Tahliye Taahhütnamesi

blog-law-1

Tahliye Taahhütnamesini Türk Borçlar Kanunu’nun 352’nci maddesinde rastlamaktayız. Bu maddeye göre ‘‘Kiracı, kiralananın teslim edilmesinden sonra, kiraya verene karşı, kiralananı belli bir tarihte boşaltmayı yazılı olarak üstlendiği hâlde boşaltmamışsa kiraya veren, kira sözleşmesini bu tarihten başlayarak bir ay içinde icraya başvurmak veya dava açmak suretiyle sona erdirebilir.’’ diyerek hem tahliye taahhütnamesinin tanımı yapmaktadır hem şartlarını göstermektedir hem de süre ve hukuki yollarını açıkça göstermektedir.

Buna göre tahliye taahhütnamesi kiracı tarafından, kiralananın tesliminden sonra kiraya verene karşı, kiralamış olduğu yeri, belli bir tarihte boşaltacağını beyan eden bir taahhüttür.

Peki böyle bir taahhütnamenin geçerlilik şartları nelerdir?

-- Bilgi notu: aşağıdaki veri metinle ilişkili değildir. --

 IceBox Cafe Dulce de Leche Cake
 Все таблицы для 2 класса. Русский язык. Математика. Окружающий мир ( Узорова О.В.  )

Tahliye taahhütnamesinin geçerli olabilmesi için birden fazla şartın bir arada olması gerekmektedir:

  • Taahhütname yazılı bir şekilde yapılmalıdır. Yazılı yapılması bir geçerlilik koşuludur. Bu şart kanun maddesinde açıkça belirtilmiştir. Burada aranan yazılılık şartı adi yazıdır.
  • Tahliye taahhütnamesinden kiralananı ne zaman boşaltacağına dair tarihin belirlenebilir olması gerekmektedir. Tarih, gün, ay ve yıl şeklinde tartışmaya mahal vermeyecek şekilde net olmalıdır. Belirlenebilir bir tarih ibaresi yoksa o taahhütnamenin geçersiz olmasına neden olabilir.
  • Tahliye taahhütnamesi kiralanan teslim edildikten sonra yapılmalıdır. Tahliye taahhütnamesi kira sözleşmesini imzalanmadan önce veya kira sözleşmesi imzalandığı sırada verilirse, taahhütnamenin geçersizliğini gündeme gelecektir. Uygulamada kira sözleşmesi imzalandıktan sonra 15 ile 30 gün sonra alındığını görülmektedir.
  • Tahliye taahhütnamesi imzalanırken kişinin iradesi serbest olup, herhangi bir şekilde sakatlanmamalıdır. Tahliye taahhütnamesi bir sözleşme olup, imzalanma aşamasında hile, korku veya hata söz konusu ise Türk Borçlar Kanunu kapsamında irade sakatlıkları genel hükümleri uyarınca geçersiz olacaktır. Böyle bir durumda kişi taahhütnamenin geçersizliğini bir yıl süre içerisinde iptal etmelidir. Bu süre zarfında kişi taahhütnamenin geçersizliğini ileri sürmezse sözleşme geçerliliğini koruyacaktır.
  • Son olarak değinmemiz gereken şart ise, tahliye taahhütnamesi kiracı tarafından veya bu konuda özel bir şekilde yetkilendirmiş olduğu temsilci tarafından imzalanmalıdır. Kira sözleşmesinin tarafı olan kiracı dışında, kiracının alt soyu, üst soyu veya üçüncü bir kişi tarafından imzalanan taahhütnamenin herhangi bir şekilde geçerliliği söz konusu değildir. Kiracı vekil tayin ederek, tahliye taahhütnamesinin bir başkasına imzalatabilir. Burada dikkat edilmesi gereken husus tayin edilen vekilin bu konuda özel olarak tayin edilmesi gerekmektedir.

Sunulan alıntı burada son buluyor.